▸ Exercise data
******
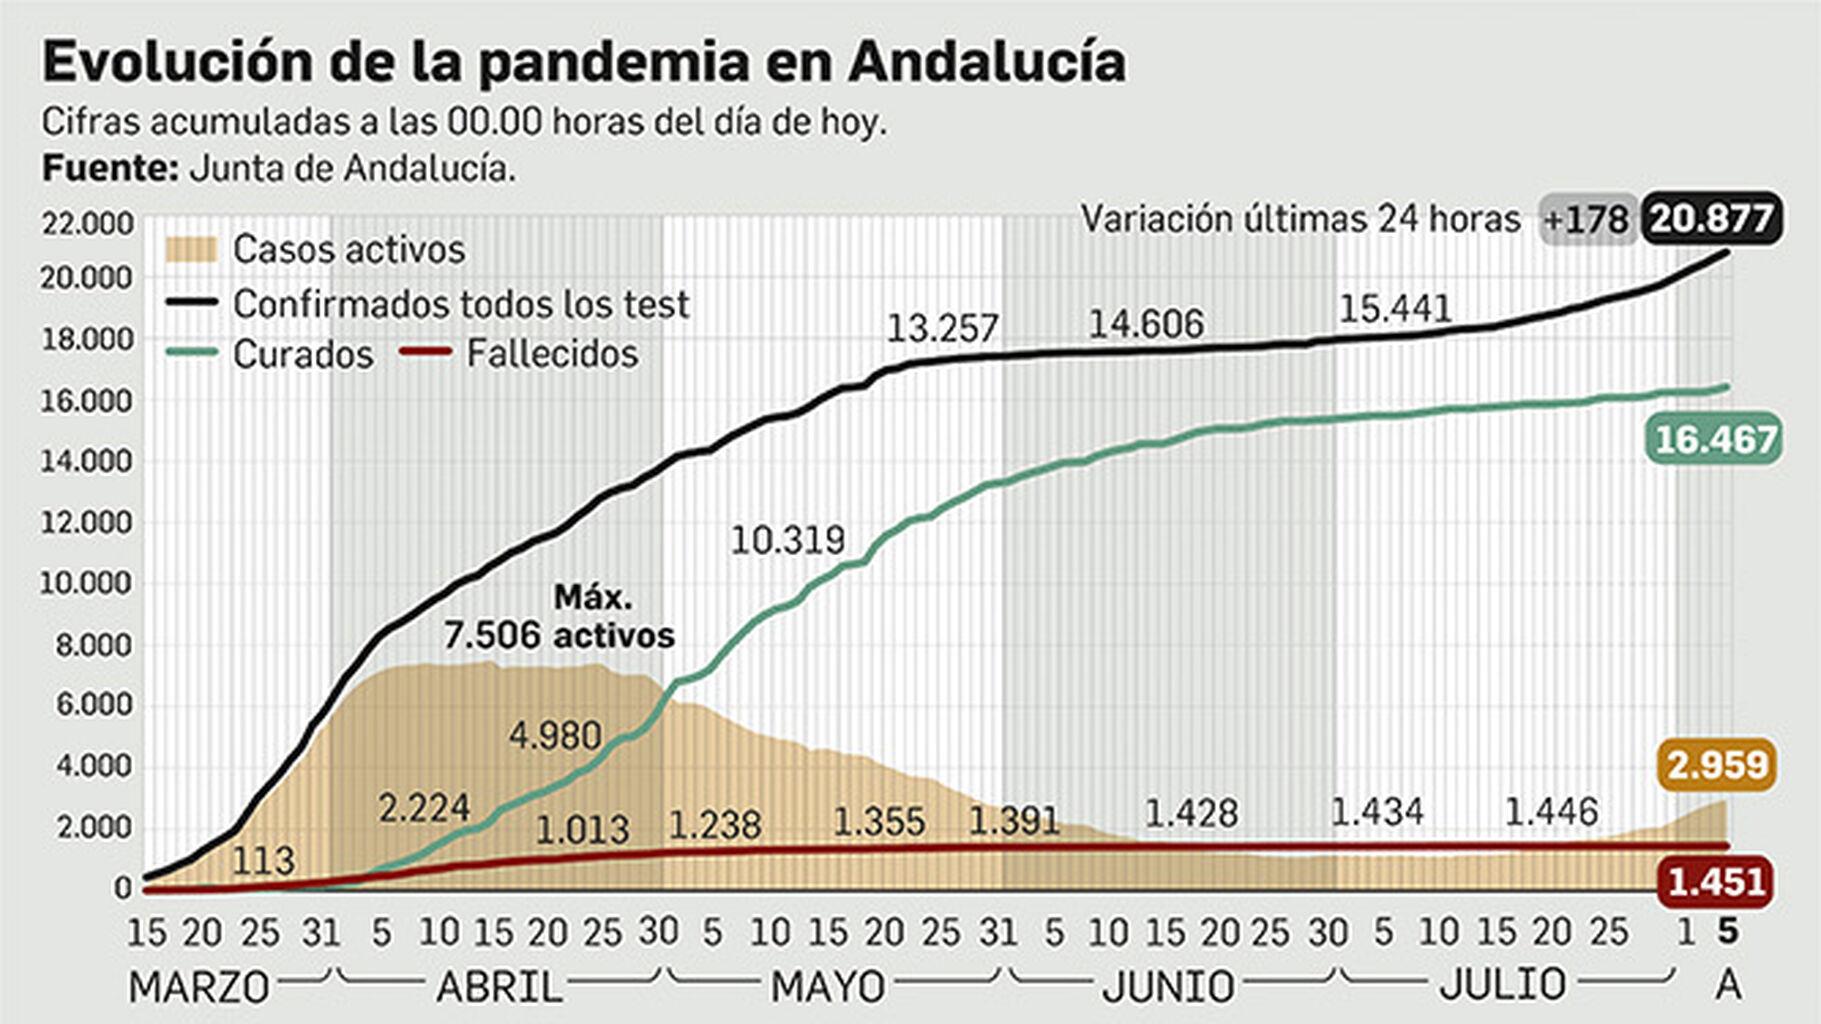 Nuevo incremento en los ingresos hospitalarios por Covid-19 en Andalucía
******
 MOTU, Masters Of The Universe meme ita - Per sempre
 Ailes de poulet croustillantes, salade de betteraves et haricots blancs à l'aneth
******
▸ Activity
After locating the line with "MOTU, Masters Of" above, return that line and every later line through the one with "Ailes de poulet", word for word and with nothing else.

▸ Result of this exercise
 MOTU, Masters Of The Universe meme ita - Per sempre
 Ailes de poulet croustillantes, salade de betteraves et haricots blancs à l'aneth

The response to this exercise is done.